Stunkard et al. (1986) realizaram um estudo na Dinamarca no qual as crianças adotadas puderam ser comparadas com seus pais biológicos e com seus pais adotivos. Foram obtidas informações sobre 3.580 adotados, utilizando-se como critério o IMC. Houve relação clara entre a classe de peso dos adotados e a de seus pais biológicos, não havendo relação aparente entre crianças adotadas e seus pais adotivos, sugerindo fortemente que influências genéticas são determinantes importantes da adiposidade e que as influências ambientais têm pouco ou nenhum efeito. É importante ressaltar que as influências genéticas observadas nesse estudo não são apenas confinadas ao grupo obeso, mas se estendem a toda a faixa de adiposidade, desde os muito magros até os muito gordos (STUNKARD et al., 1986).
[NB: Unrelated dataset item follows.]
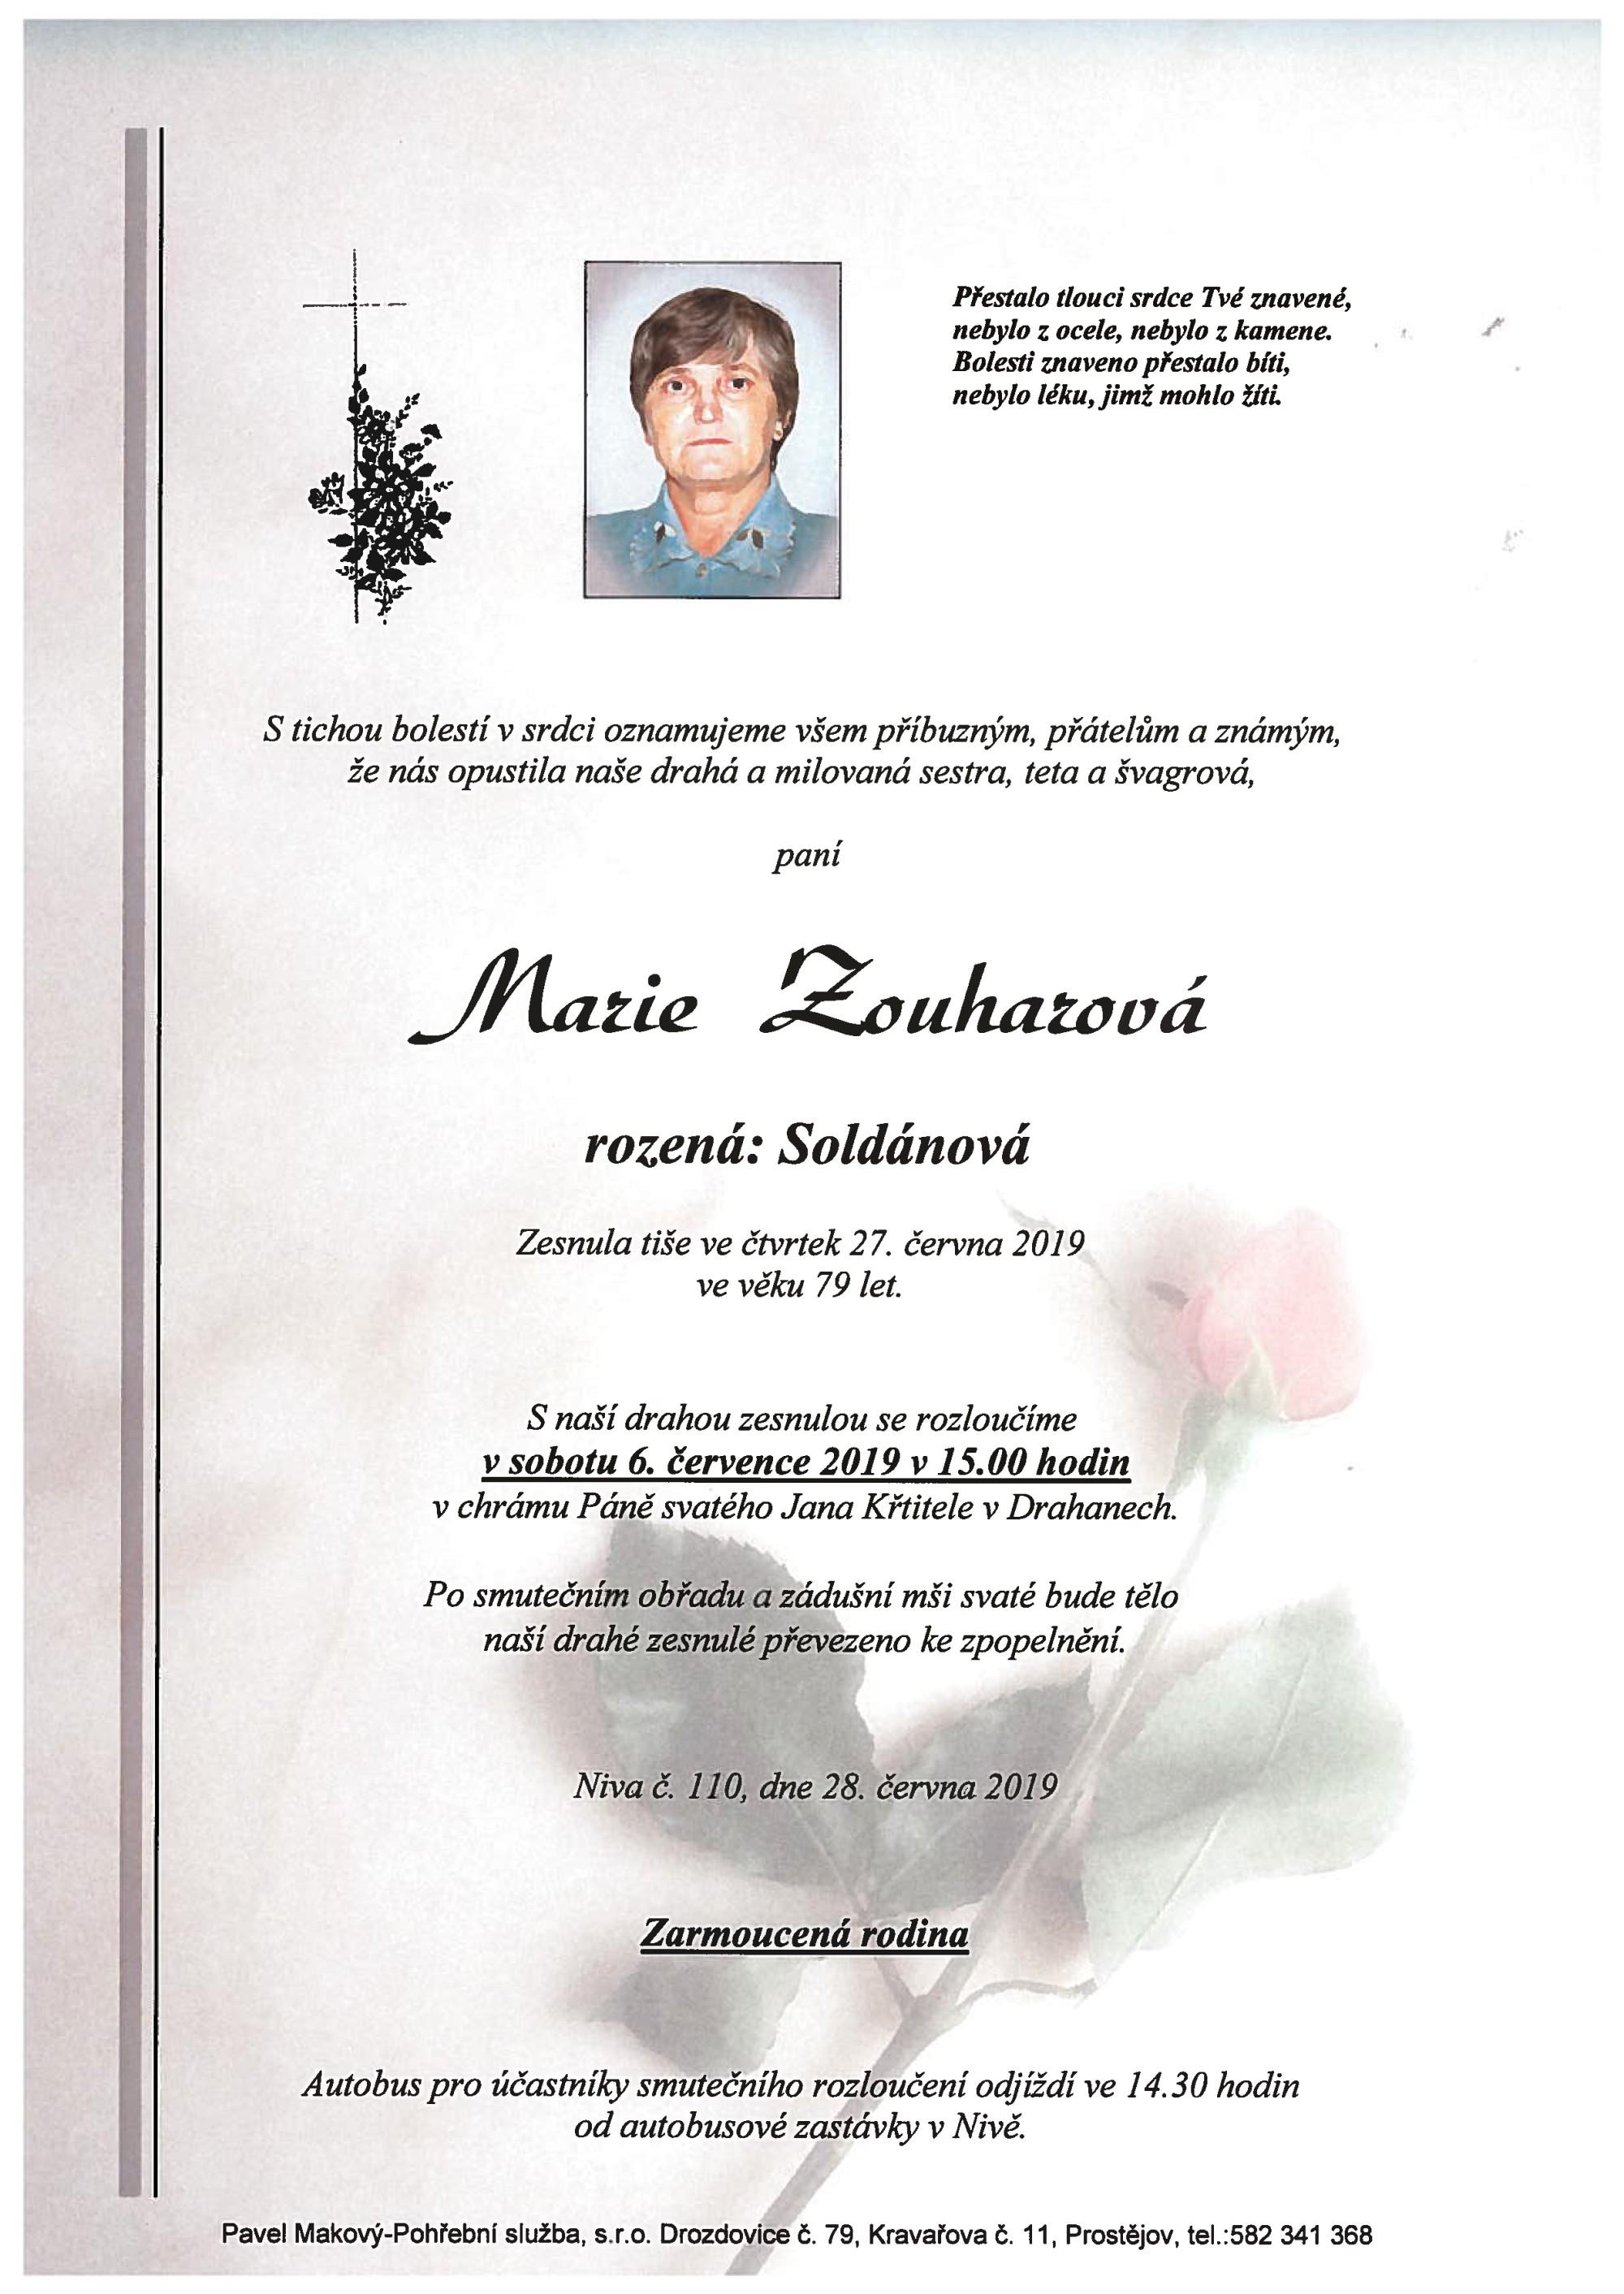 Marie Zouharová

Borjeson, na Suécia, analisando 5.008 pares de gêmeos, selecionou 101, dos quais um ou mais estavam acima do peso em relação à altura por mais de dois desvios-padrão. O autor chegou à conclusão de que os fatores genéticos desempenham papel decisivo na origem da obesidade (BORJESON, 1976). A coexistência de obesidade em vários membros da mesma família confirma a participação da herança genética na incidência da obesidade. A probabilidade de que os filhos sejam obesos quando os pais o são foi estimada em alguns estudos, obtendo-se percentagens entre 50 e 80% (ORERA, 1997).
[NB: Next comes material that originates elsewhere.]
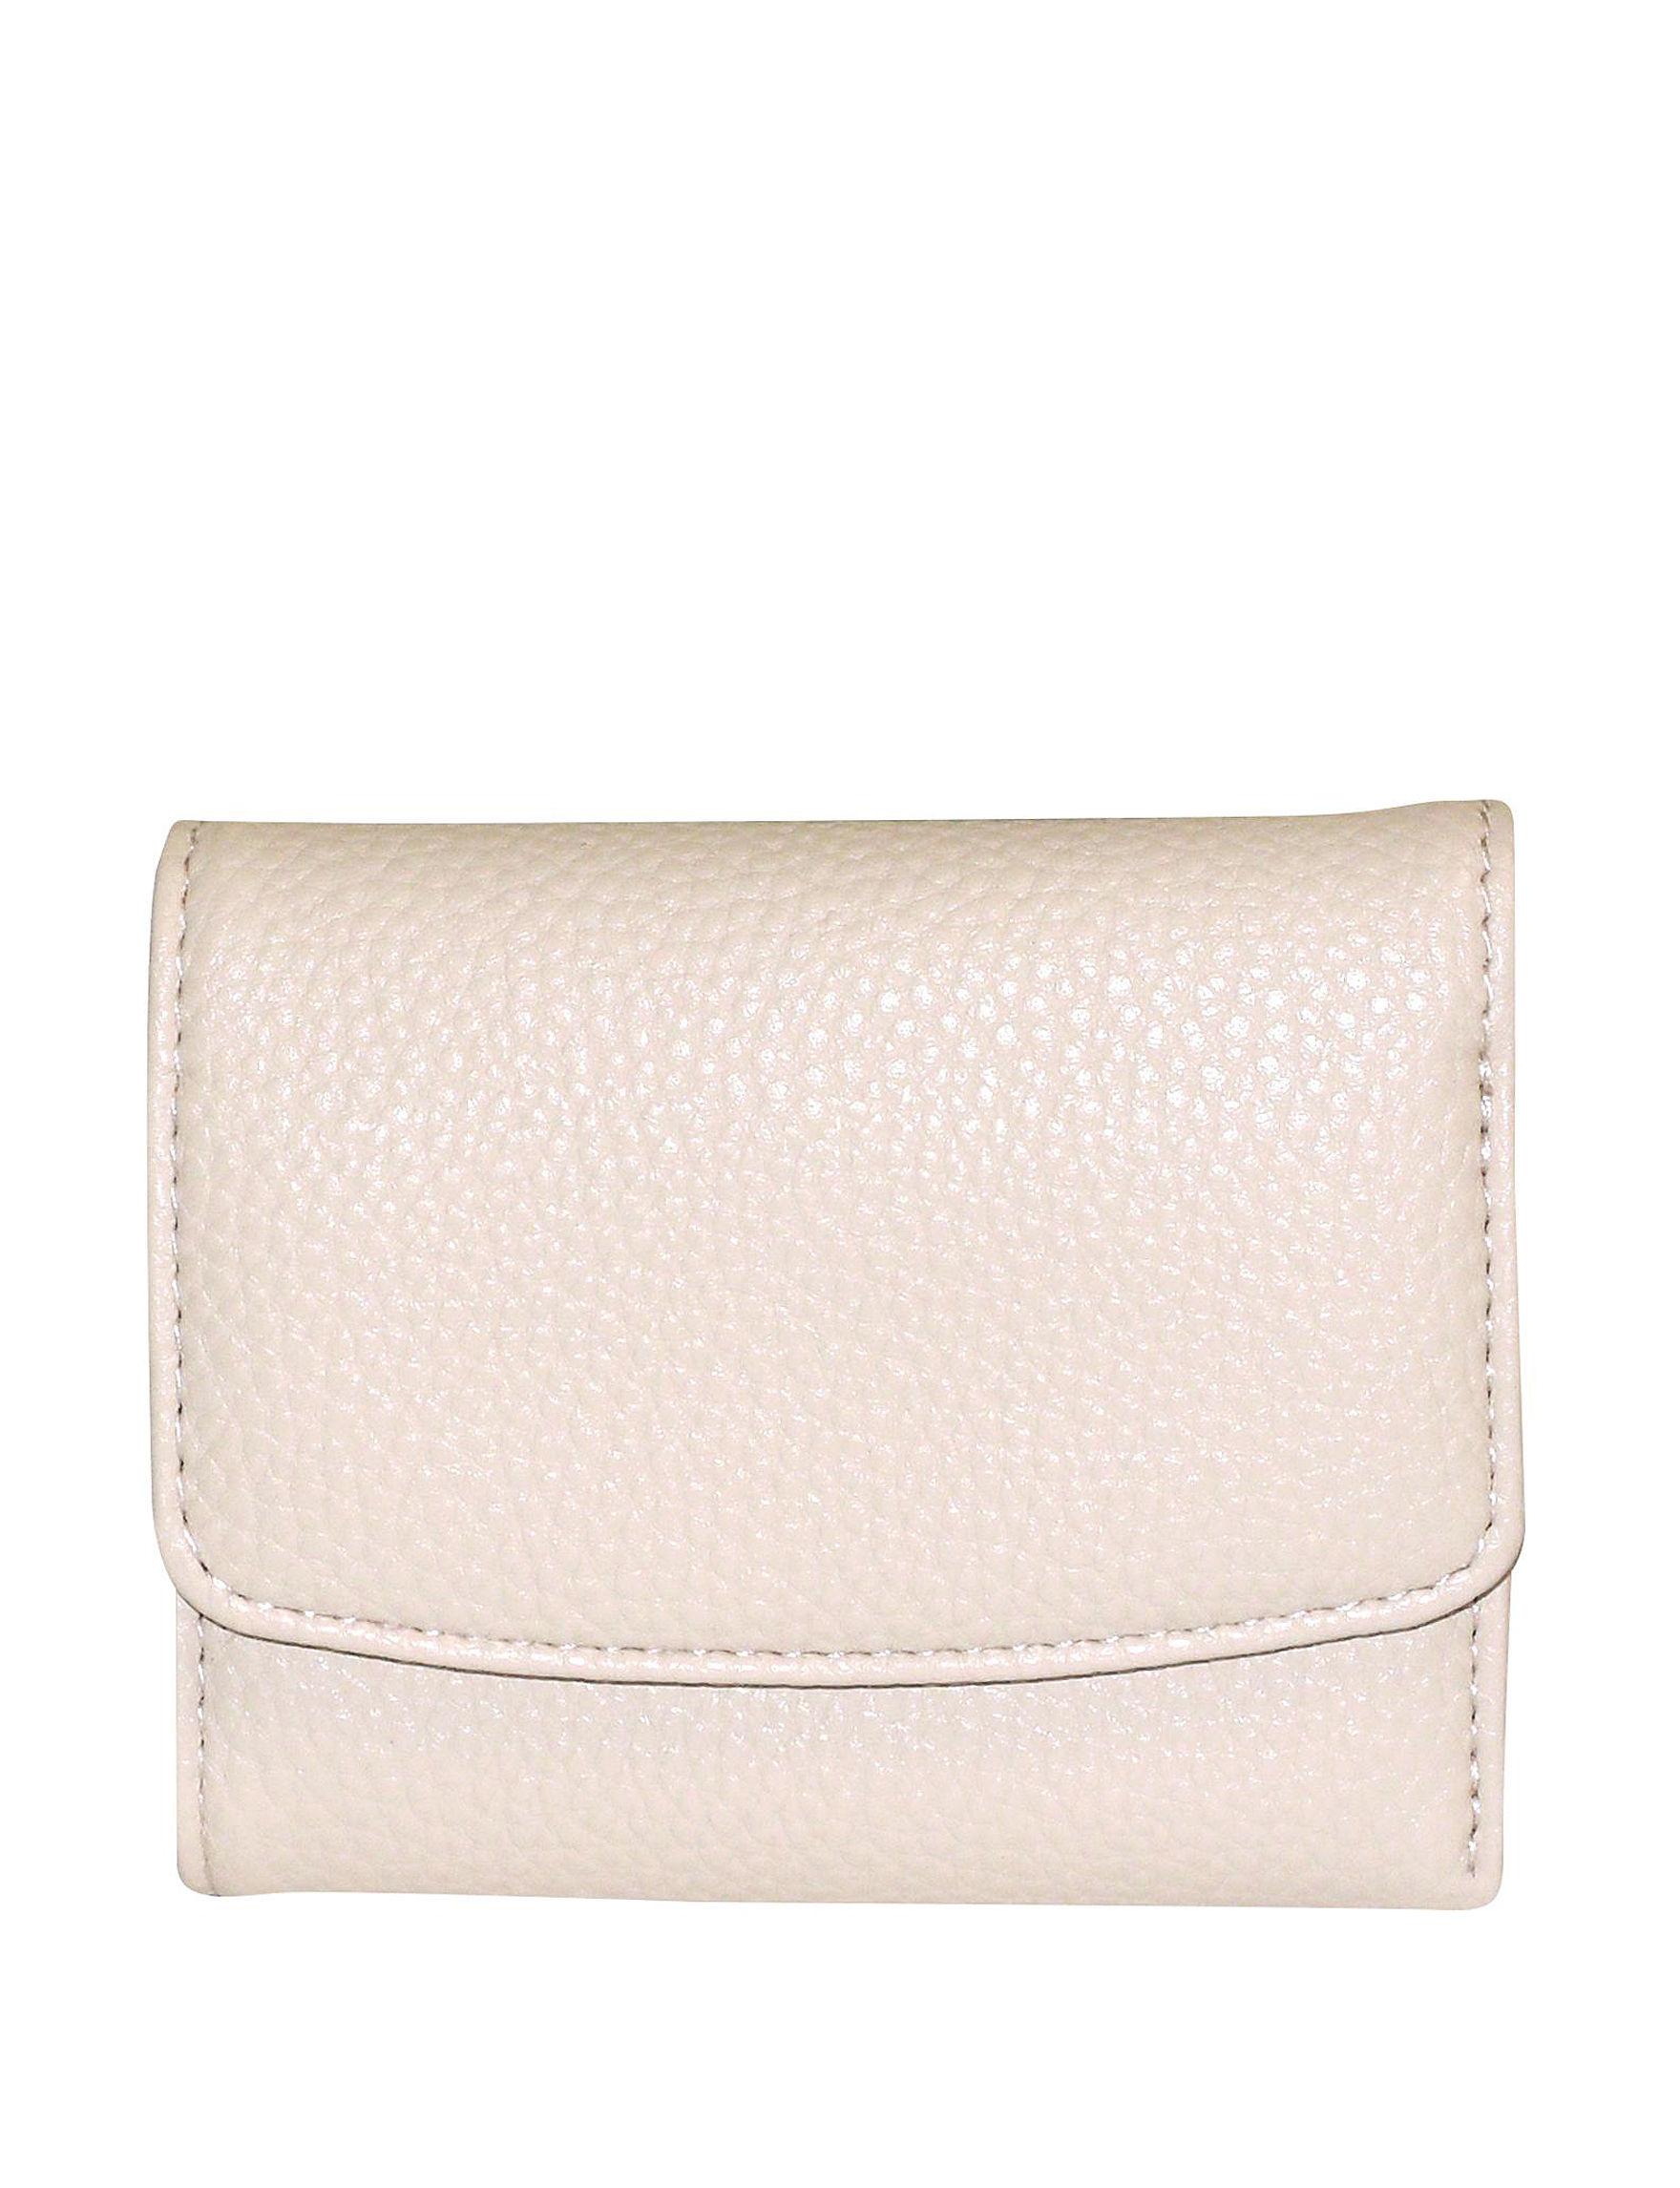 Buxton Beige Wallet

Em 1994 foi clonado o gene da leptina, que desencadeou verdadeira revolução na compreensão da biologia da obesidade. O hormônio leptina é produzido no tecido adiposo branco e o seu receptor se expressa em vários

tecidos, mas seus efeitos sobre o peso corpóreo manifestam-se por ação hipotalâmica. É um marcador da quantidade de tecido adiposo, de modo que, com o aumento da massa adiposa, aumenta a sua produção, que reduz a ingestão alimentar (via inibição de neuropeptídeo Y) e aumenta o gasto energético, o que tende a fazer a massa adiposa retornar ao seu set point. Nas pessoas obesas, no entanto, o set point é diferente, talvez devido à resistência à ação da leptina. Já foram identificadas várias crianças que não produzem leptina: elas nascem com peso normal, mas, devido a um apetite voraz, rapidamente se tornam obesas. Esses pacientes beneficiam-se do uso desse hormônio, à semelhança das experiências realizadas com os ratos ob (ratos deficientes em leptina). No entanto, a maioria das pessoas obesas apresenta excesso de leptina, e não falta, sugerindo que o mecanismo seja mais uma resistência à sua ação do que sua falta, talvez devido à dificuldade em atravessar a barreira hematoliquórica (DAMIANI; DAMIANI; OLIVEIRA, 2005).
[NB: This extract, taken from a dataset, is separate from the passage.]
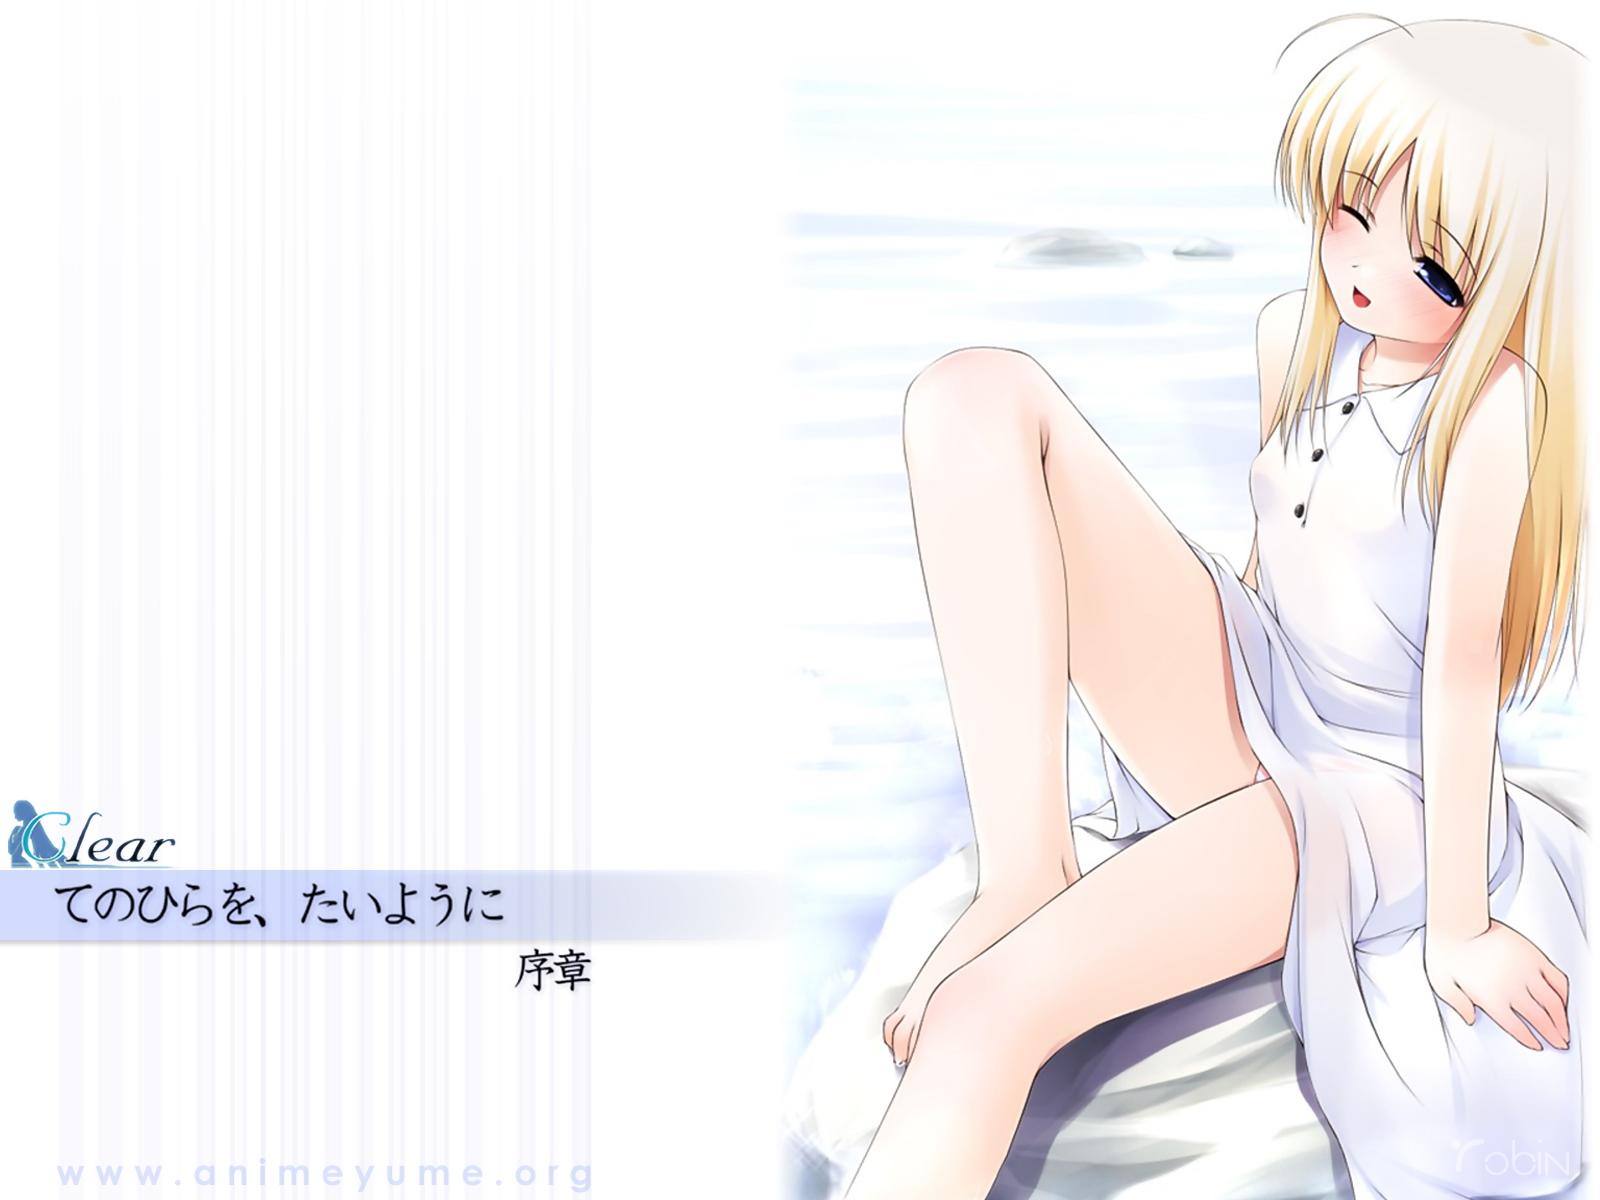 blonde_hair blue_eyes blush dress natunomori_towa ooji te_no_hira_wo_taiyou_ni watermark white wink

No entanto, a rápida elevação da obesidade nos últimos anos ocorreu num período curto demais para permitir atribuí-la a quaisquer mutações genéticas significativas nas populações. Os modelos que atribuem origem genética às obesidades, embora importantes, não têm, até o momento, qualquer aplicabilidade prática, estando restritos ao terreno experimental. A prática clínica mostra que o componente genético é indiscutível, mas é muito difícil separá-lo do contexto familiar e cultural em que a pessoa se desenvolveu ou vive e que tanto influencia o hábito alimentar (FELIX; SILVA, 2003; LIVINGSTONE, 2000).